Ein brisantes Thema

NEROTH/DOCKWEILER. Wohin mit den Kleinkindern aus Hinterweiler und Kirchweiler? Noch gehen sie in den Kindergarten Dockweiler. Der Kreis möchte, dass Neuzugänge ab Sommer in den Kindergarten Neroth gehen, weil sie auch dort die Grundschule besuchen. Der Kindergartenzweckverband hat sich noch nicht entschieden. Die Eltern werden erst später eingebunden.

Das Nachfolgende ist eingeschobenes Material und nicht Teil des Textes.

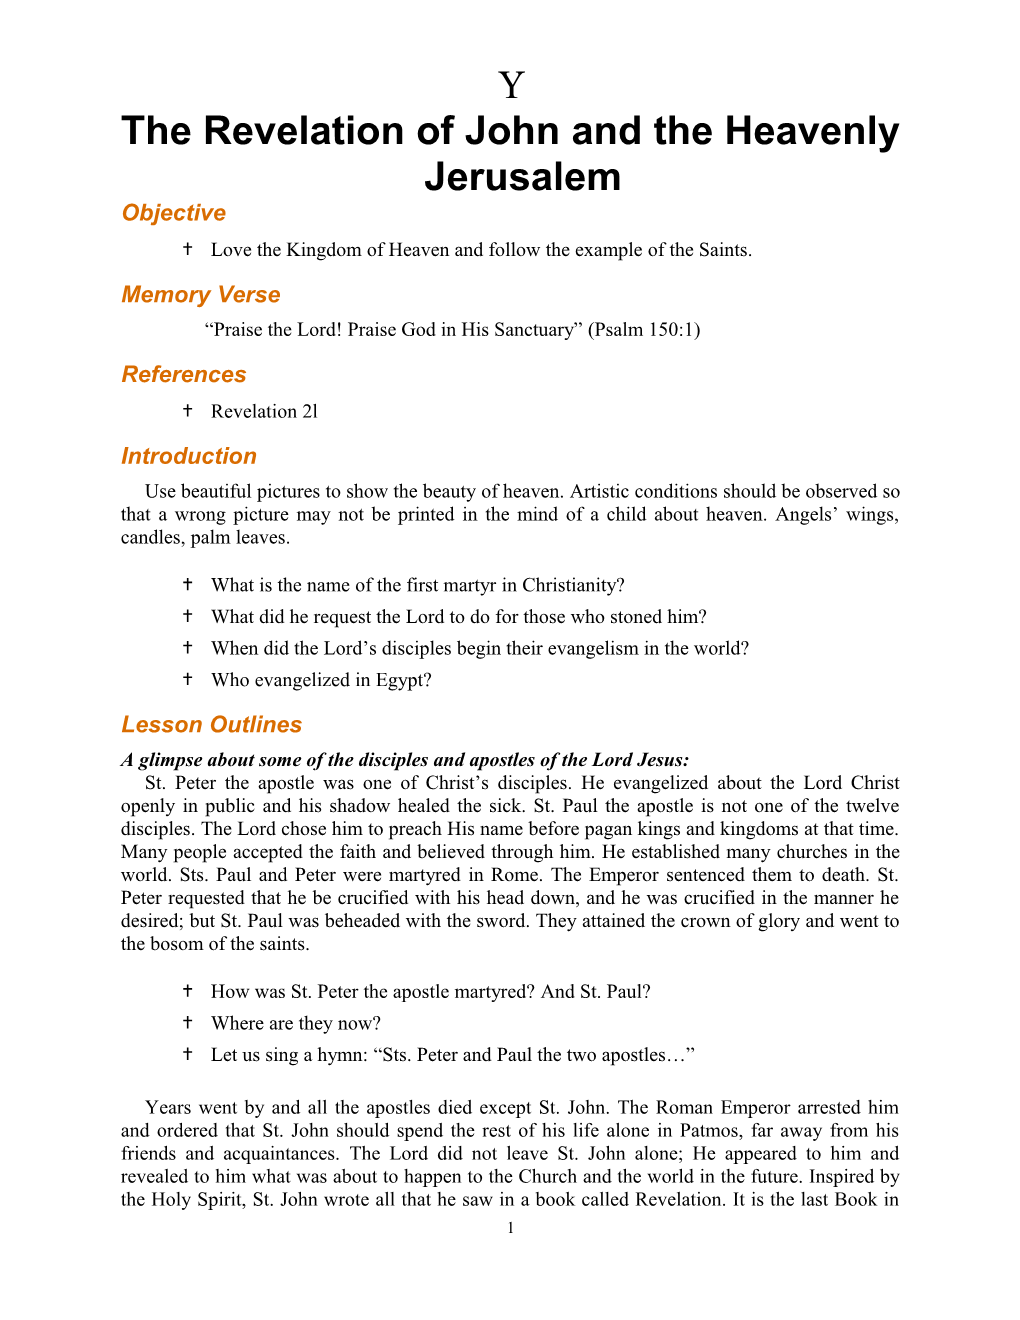 The Revelation of John and Heavenly Jerusalem
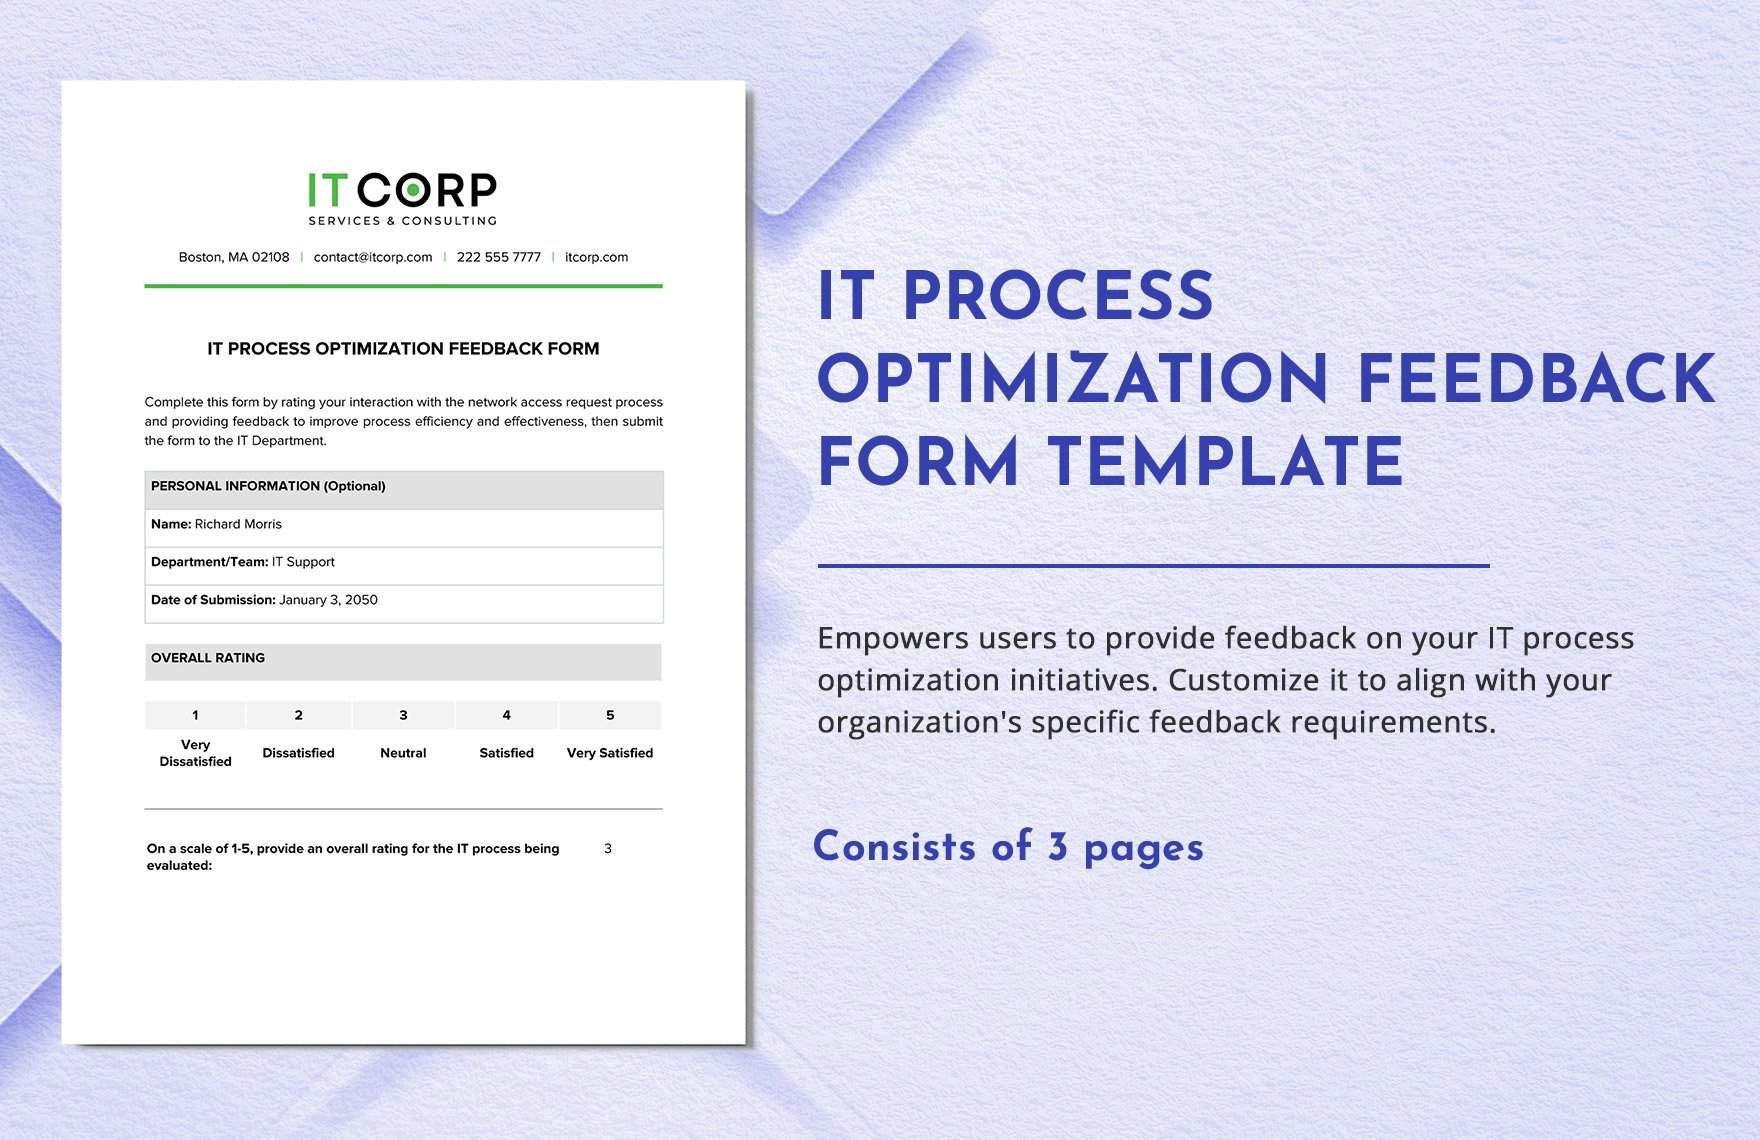 IT Process Optimization Feedback Form Template

"Das ist kommunalpolitisch ein sehr empfindliches Thema. Wir müssen noch viele Gespräche führen", erklärt Berthold Schmitz, Dezernent der Kreisverwaltung Vulkaneifel. Das "empfindliche Thema" wurde in der Sitzung des Jugendhilfeausschusses (JHA) des Kreises am 12. März besprochen. Die Kreisverwaltung hält es nämlich für "sinnvoller, den Einzugsbereich für die Kindergärten Dockweiler und Neroth zu ändern". Danach sollen ab Sommer die Kleinkinder aus Kirch- und Hinterweiler, die neu in den Kindergarten aufgenommen werden, statt wie bisher nach Dockweiler nach Neroth gehen. Schmitz erklärt: "Damit würden drei Fliegen mit einer Klappe geschlagen: erstens würden in Dockweiler mehr Plätze für Zweijährige geschaffen, zweitens würde in Neroth die Existenz der zweiten Kindergartengruppe gesichert und drittens der Schulstandort Neroth gefestigt." Was sich so plausibel anhört, ist aber noch nicht im Rathaus der Verbandsgemeinde Daun angekommen. Büroleiter Arnold Schneider sagt: "Uns liegen weder Protokoll noch Beschluss des JHA vor. Da werden noch viele Gespräche nötig sein." Die Historie des Kindergartens Dockweiler sei seit 30 Jahren gewachsen. Damals bauten fünf Ortsgemeinden (Dockweiler, Dreis-Brück, Betteldorf, Hinterweiler und Kirchweiler) den Kindergarten und gründeten einen Zweckverband. In der Dezember-Sitzung beschloss der Zweckverband einstimmig, den bisherigen Einzugsbereich beizubehalten. Die Frage, ob dieser Beschluss unumstößlich sei, beantwortet Schneider diplomatisch: "Es war eine klare Aussage der fünf Ortsbürgermeister. Entscheidend werden aber die Kinderzahlen sein, die aber erst nach den Osterferien feststehen werden." Momentan besuchen insgesamt 60 Kinder den Kindergarten (Kiga) Dockweiler, der maximal 75 Plätze hat. Bis 2010 hat die Kreisverwaltung allerdings die gesetzliche Verpflichtung, für jeden Zweijährigen einen Kiga-Platz anbieten zu müssen. Büroleiter Schneider gibt sich auch in diesem Bereich zurückhaltend. Er sagt: "Da gibt es noch viele Fragen, denn vieles hängt vom Anmeldeverhalten der Eltern ab." "Verbandsgemeinde-Grenze ist kein Konflikt"

Einige Kenner der Entwicklung sehen die Grenze der Verbandsgemeinden (für Dockweiler ist Daun und für Neroth ist Gerolstein zuständig) als Hürde an. Davon will man im Dauner Rathaus nichts wissen, denn Werner Klöckner ist Vorsitzender des Zweckverbandes. Büroleiter Schneider sagt kategorisch: "Die VG-Grenze ist kein Konflikt." Noch sind die Eltern der Kinder aus Hinter- und Kirchweiler außen vor. Schneider verspricht: "Wenn sich die Planungen verdichten, werden die Eltern, wenn sich was ändert, möglichst rasch eingebunden." Im kommenden Schuljahr werden drei Kinder aus Kirchweiler in die Grundschule Neroth gehen. Sie waren bisher eigens bei allen Kennenlern-Aktionen des Kiga und der Grundschule Neroth vom Kiga Dockweiler ins Mausefallen-Dorf gebracht worden. Maria Keul, Leiterin des Kiga Neroth, meint: "Wir haben jetzt 31 Kinder in zwei Gruppen. Aber langfristig könnte, wegen weniger Kindern, eine Gruppe und damit zwei Arbeitsplätze betroffen sein." In der Grundschule werden im Sommer 13 I-Dötzchen (zehn Kiga Neroth, drei Kiga Dockweiler) eingeschult.